Caps for Sale
- The cover of a late edition of Caps for Sale.
- Author: Esphyr Slobodkina
- Illustrator: Esphyr Slobodkina
- Cover artist: Esphyr Slobodkina
- Language: English
- Genre: Children's literature
- Publisher: W. R. Scott
- Publication date: 1940
- Publication place: United States
- Media type: Print
- Pages: 48
- ISBN: 978-0064431439
- OCLC: 13008528
- Website: capsforsale.org

= Caps for Sale =

1940 children's picture book by Esphyr Slobodkina

Caps for Sale is a children's picture book, written and illustrated by Esphyr Slobodkina and published by W. R. Scott in 1940.

==Summary==
Based on a folktale, the story follows a mustachioed cap-selling peddler (unnamed in the book, he is known as Pezzo in the sequel, Circus Caps for Sale) who wears his entire stock of caps on his head. When the peddler goes to sleep under a tree, a troop of monkeys steal all the caps, except his own checked cap, and put them on. The peddler tries in vain to get the monkeys to return the caps (first shaking his pointer finger, then shaking both of his hands, then stamping one of his feet, and finally stamping both feet), but they only imitate his actions. Finally, he waves his own cap in the air, throws it on the ground in disgust and walks away, causing the monkeys to do the same. The peddler then collects all the caps off the ground and goes on his way.

==Popularity==
It is Slobodkina's best-known work, and has sold more than two million copies. Caps for Sale is a popular read-aloud book, because its repetitive text permits children to speak the lines and thus join in the reading experience.

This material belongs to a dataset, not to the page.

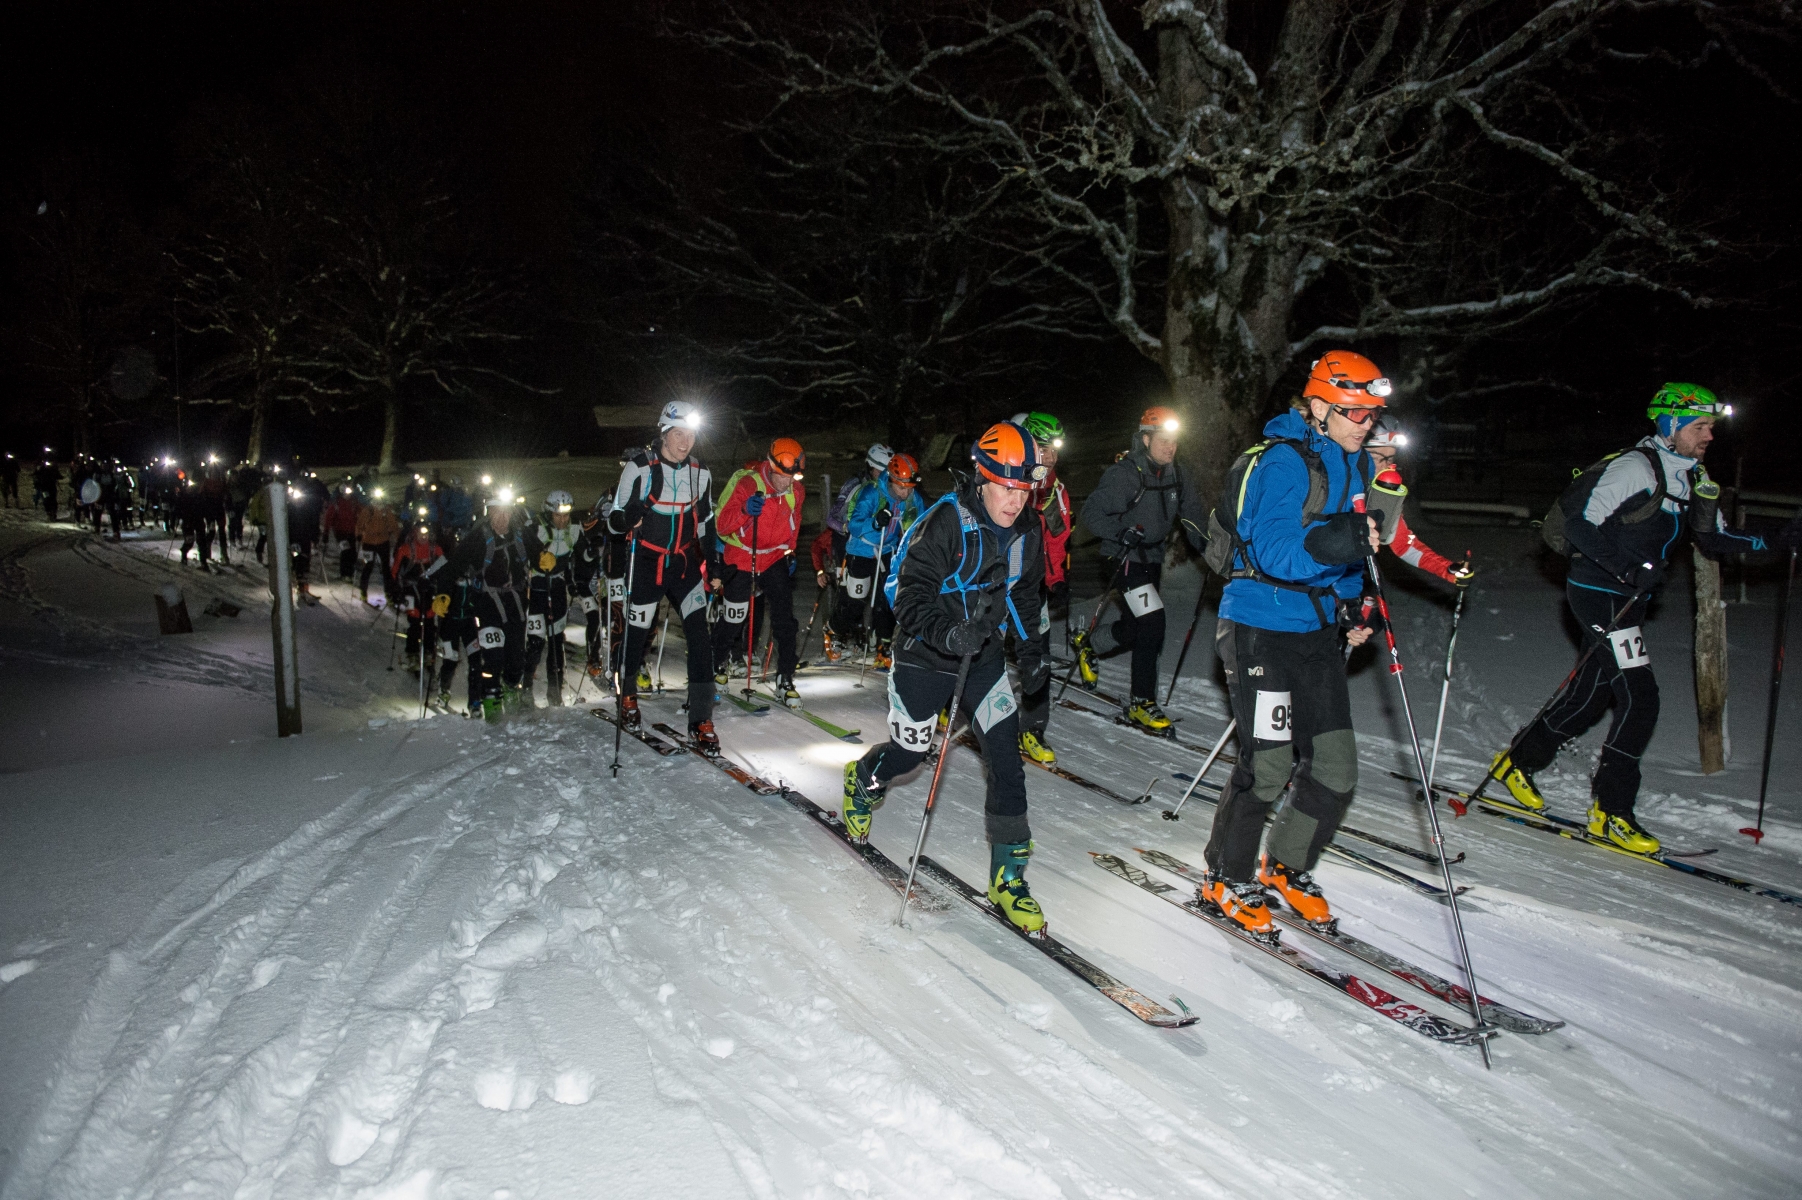 Le comité de la société Ski alpinisme Les Gollières a pris la décision de ne pas reconduire La Nocturne des Gollières en 2017.
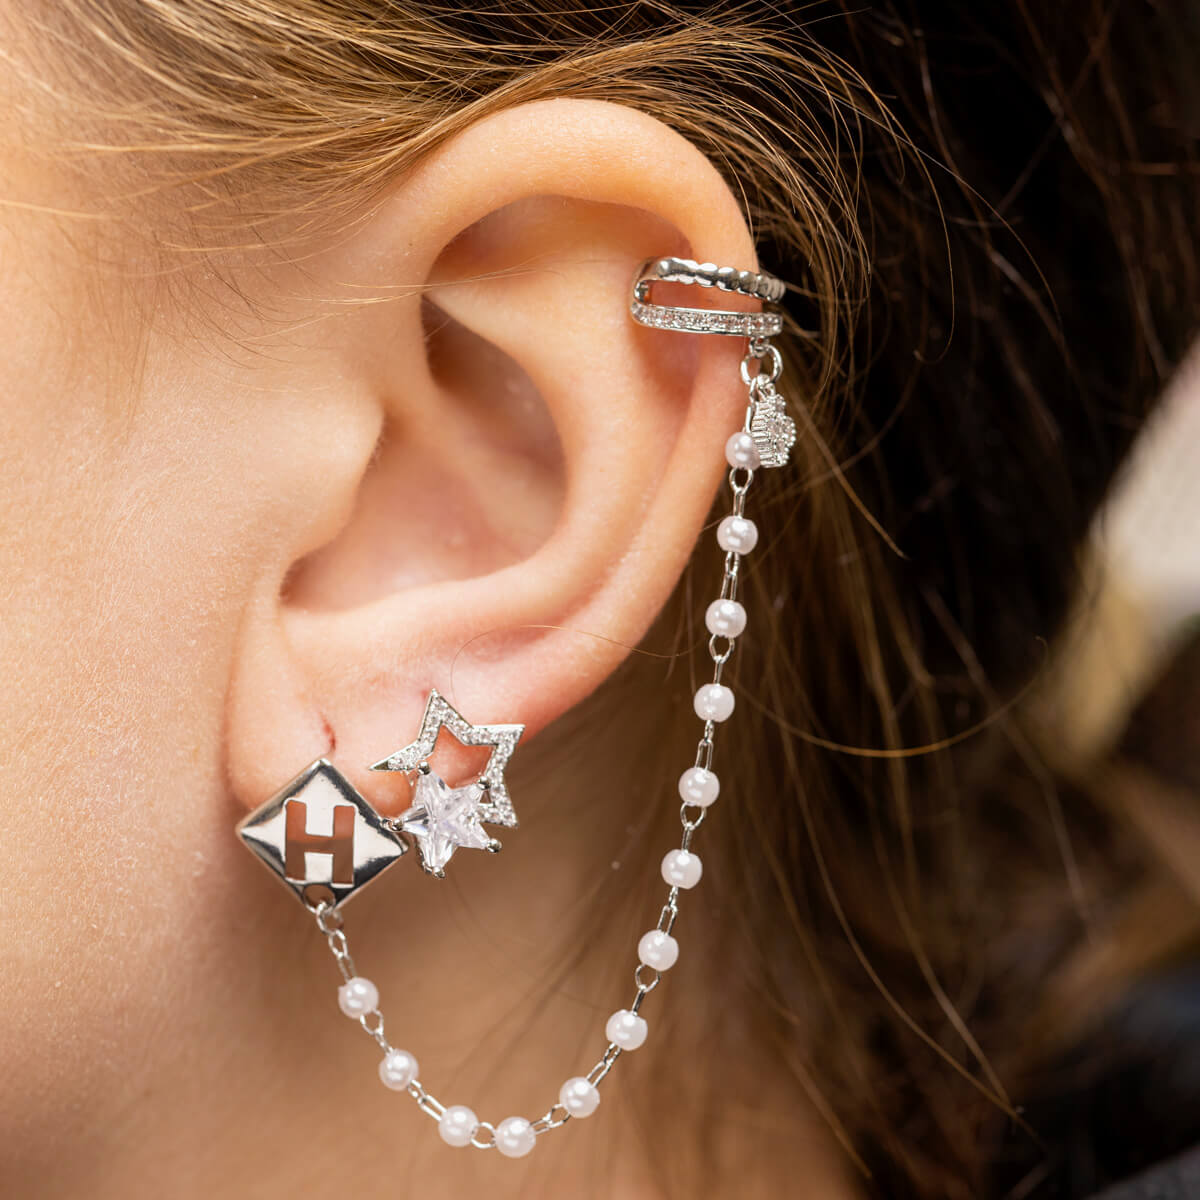 Zirconia Star Pineetju Rusty Jewelry Ear Cuff 1pcs

It won a Lewis Carroll Shelf Award in 1958.

==History==
The earliest known account of the story may be found in The Wilmington Centinel, published in Wilmington, North Carolina on January 8, 1789:

According to the following relation from a person just returned from the Labrador coast, the imitative faculty in monkeys seems to exceed every thing short of human — A sailor having a number of red woolen caps and care to dispose of among the natives, went on shore for that purpose; his way to a settlement lying through a woods very copiously inhabited by the species mentioned above, and it being midday, put a cap on his head, and laying the others by his side, he determined upon a little repose under the shade of a plantain tree. To his utter astonishment, when he awoke, from the specimen he had given his imitative observers of the use of his caps, he beheld a number of them upon the heads of the monkeys on the trees, round about him, while the wearers were chattering in an unusual manner. Finding every attempt to regain them fruitless, he at length in a fit of rage and disappointment, and under the supposition the one he retained was not worth taking away, pulled the same from his head, and throwing it upon the ground exclaimed — "here d--n you, take it among ye", which he had no sooner done, than to his great surprise, the observant monkeys did the same, by which means he regained the greatest part of his property.

==Sequels==
Slobodkina published a sequel, Pezzo the Peddler and the Circus Elephant, in 1967, twenty-seven years after the publication of Caps for Sale. It was reissued in 2002, after Slobodkina's death, as Circus Caps for Sale. A direct sequel bringing back the monkeys, More Caps for Sale, was published in 2015, credited jointly to Slobodkina and her long-time personal assistant Ann Marie Mulhearn Sayer. This was followed by Caps for Sale and the Mindful Monkeys in 2017. The illustrations for the latter two books were created by scanning and editing images from Slobodkina's original artwork.

==Other media==
Caps for Sale was included as one of five stories on the 1986 VHS release Five Stories for the Very Young from Weston Woods Studios, animated using illustrations from the book. A remake was released on Weston Woods's 2007 collection Picture Book Classics on DVD, narrated by Rex Robbins.

Caps for Sale was read periodically on Captain Kangaroo.